Things are fun if you don't do them everyday. If they start to appear daily, it will turn from rare to common. This is a huge reason why a lot of us don't appreciate the people around us as much because we see them daily and take them for granted. A shame really.

Laziness consumes me

As compared to the 17 year old me, I am at a stage where I am severely unmotivated. I do the bare minimal to get by. It's the life of a pig and I hate it. That is why things need to change in 2020. I mean, in 5 years I would hit the huge 30. I hopefully would be married and I might even be someone's mother. I need to get my life together. I know this whole chunk of demotivating words should not be on this blog for it is the more 'sparkly' blog but let's face it. I'm tired of hiding behind this facade that I have unknowingly created. I am just as much of a flawed being like you and everyone else. Online personas are really just a personas and sometimes that persona got to go.

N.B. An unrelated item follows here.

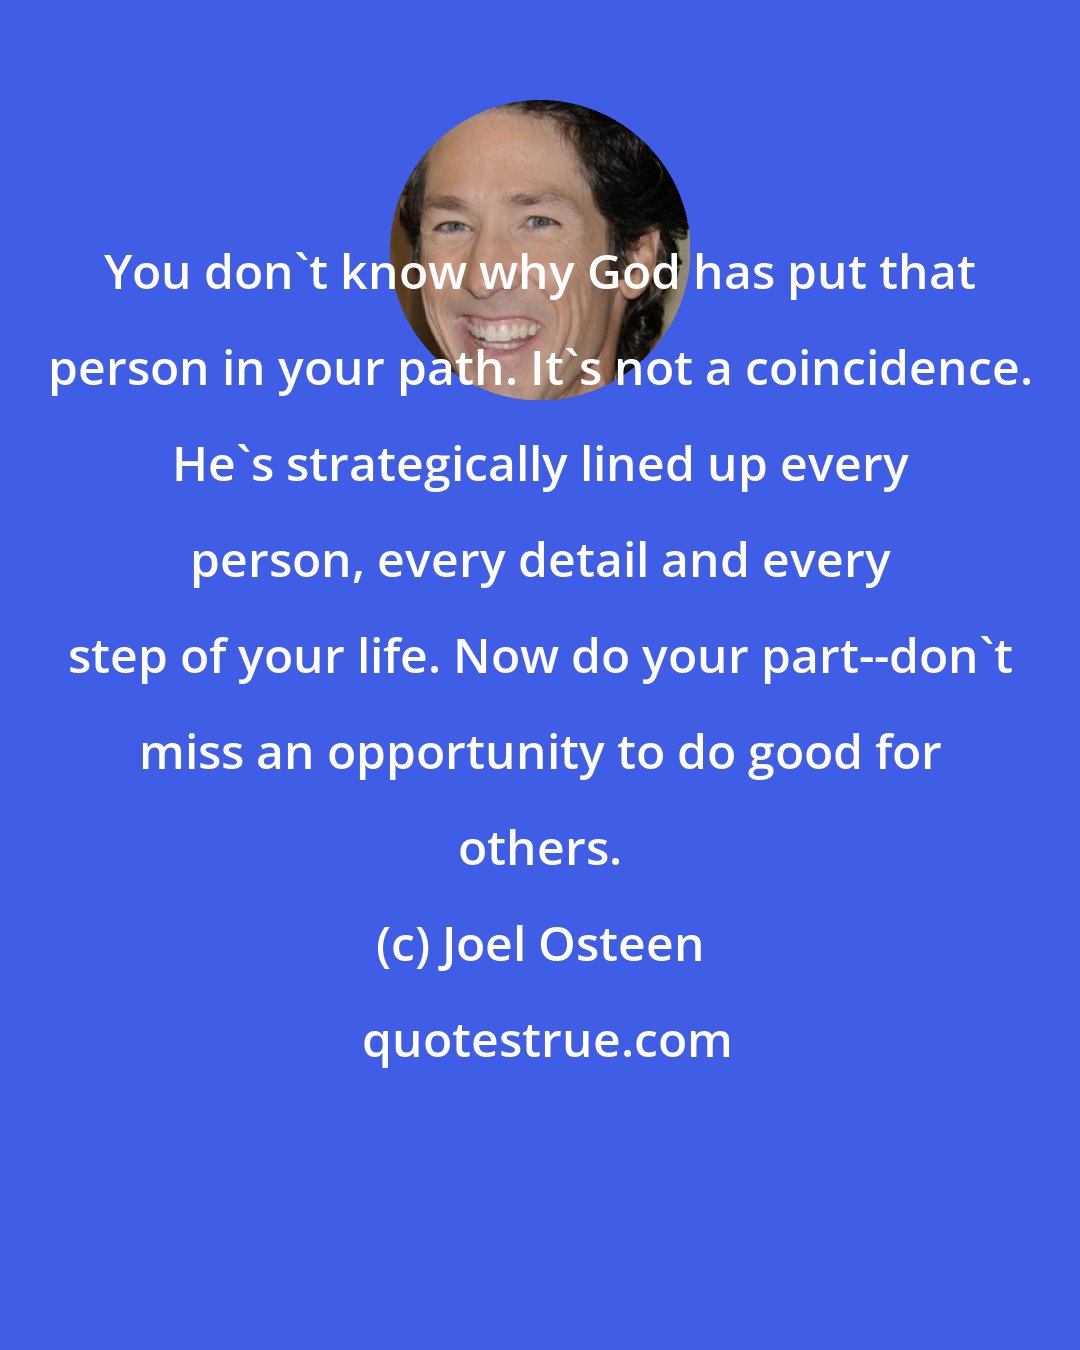 Joel Osteen: You don't know why God has put that person in your path. It's not a coincidence. He's strategically lined up every person, every detail and every step of your life. Now do your part--don't miss an opportunity to do good for others.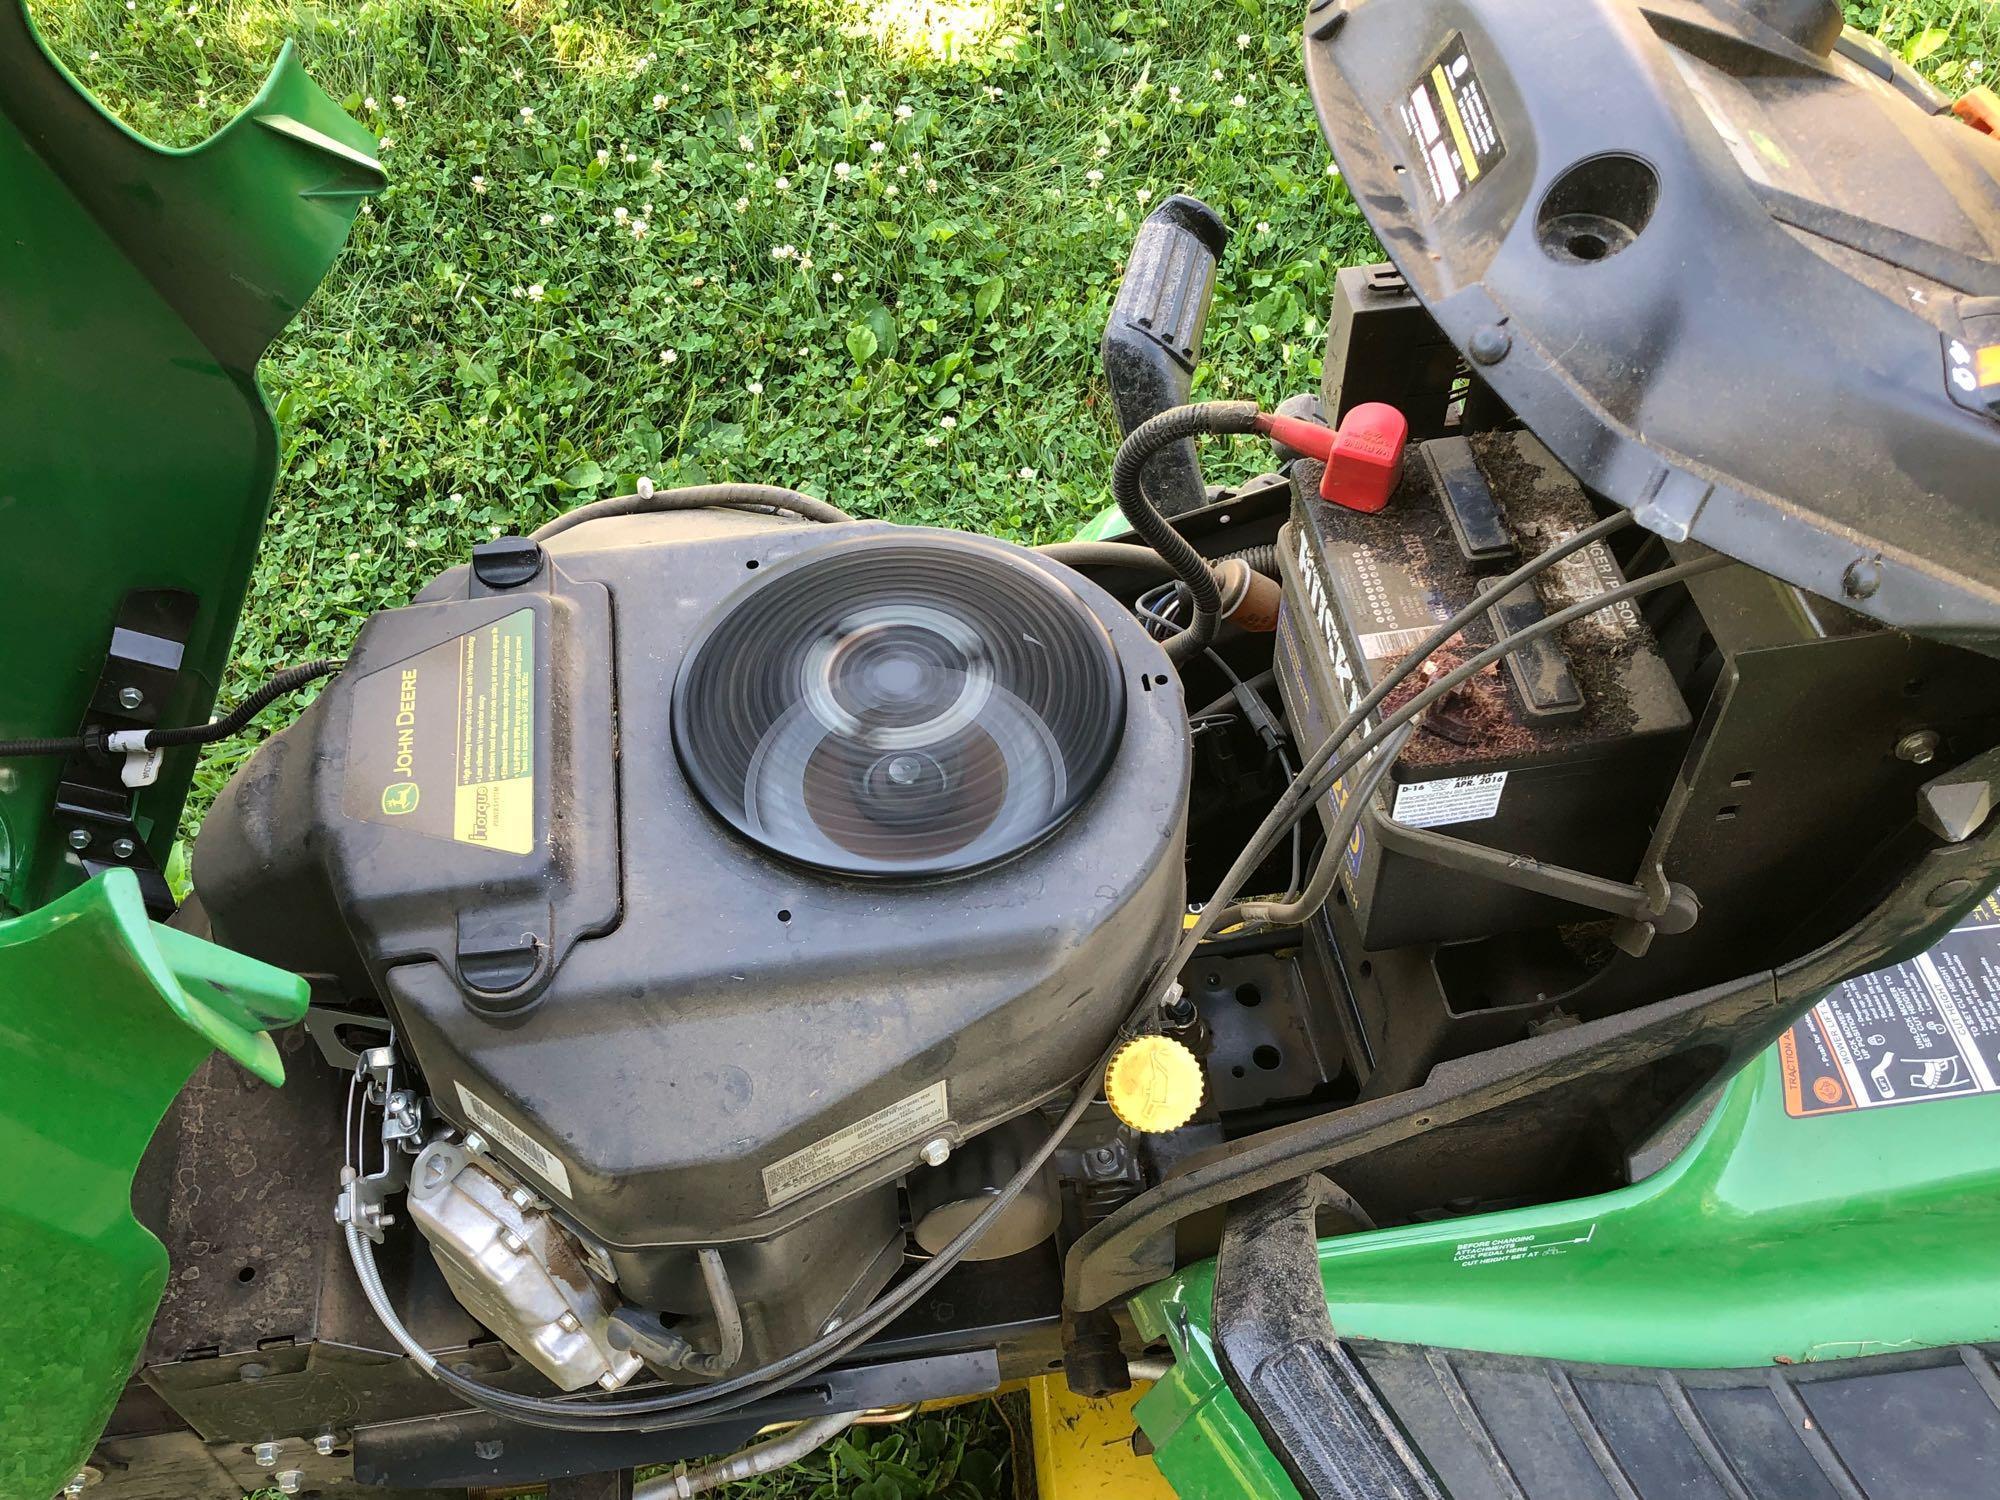 JOHN DEERE(X300) lawn tractor/42" mower deck in running condition showing only 172 hours of run time

I would do a recap of the posts I did in 2019 but I didn't post much in 2019. All that I needed to say have been brought up in my 3 seconds a day for a year video. I would input the subtitles eventually but in the mean time, you can refer to my youtube subtitle blog here. That's where my manuscript go. One of my proudest impromptu collaboration project that I did in 2019 was 3 ways to use your Old Xmas Cards. It's the first time I actually intentionally prepared something for Christmas. Plus the fact that it is a collaboration means, I don't need to market it - see, doing the bare minimal to get by again.

My vision in 2020

  • I hope to go out more - Be it to do outdoor streaming, to find myself or just to work, I hope to not enclose myself in these four walls as much as I did in the last year. My health depends on it.
  • Exercise more - Being in your mid-twenties means you have to do certain things with intention and one of the certain things is exercising. My body don't function like it used to. Even though I might loathe exercising, I have to do it.
  • Sleep early - Weak liver, weak body = Signs I need to sleep early. Plus, sleeping early helps with looking younger as well
  • I need to change my skincare and really take care of my skin
  • Stop being so temperamental - I need to understand that I have more control of my future than the stars or any other person
  • Increase Savings - I don't need to explain this do I
  • Get motivated and stop living in the past - I am a person that turns back the clock a lot. I admire my younger self and how she was so out there despite of the lack of age and respect. Now that I have both, I don't seem to care. I really need to become the person I always thought I would be at this age.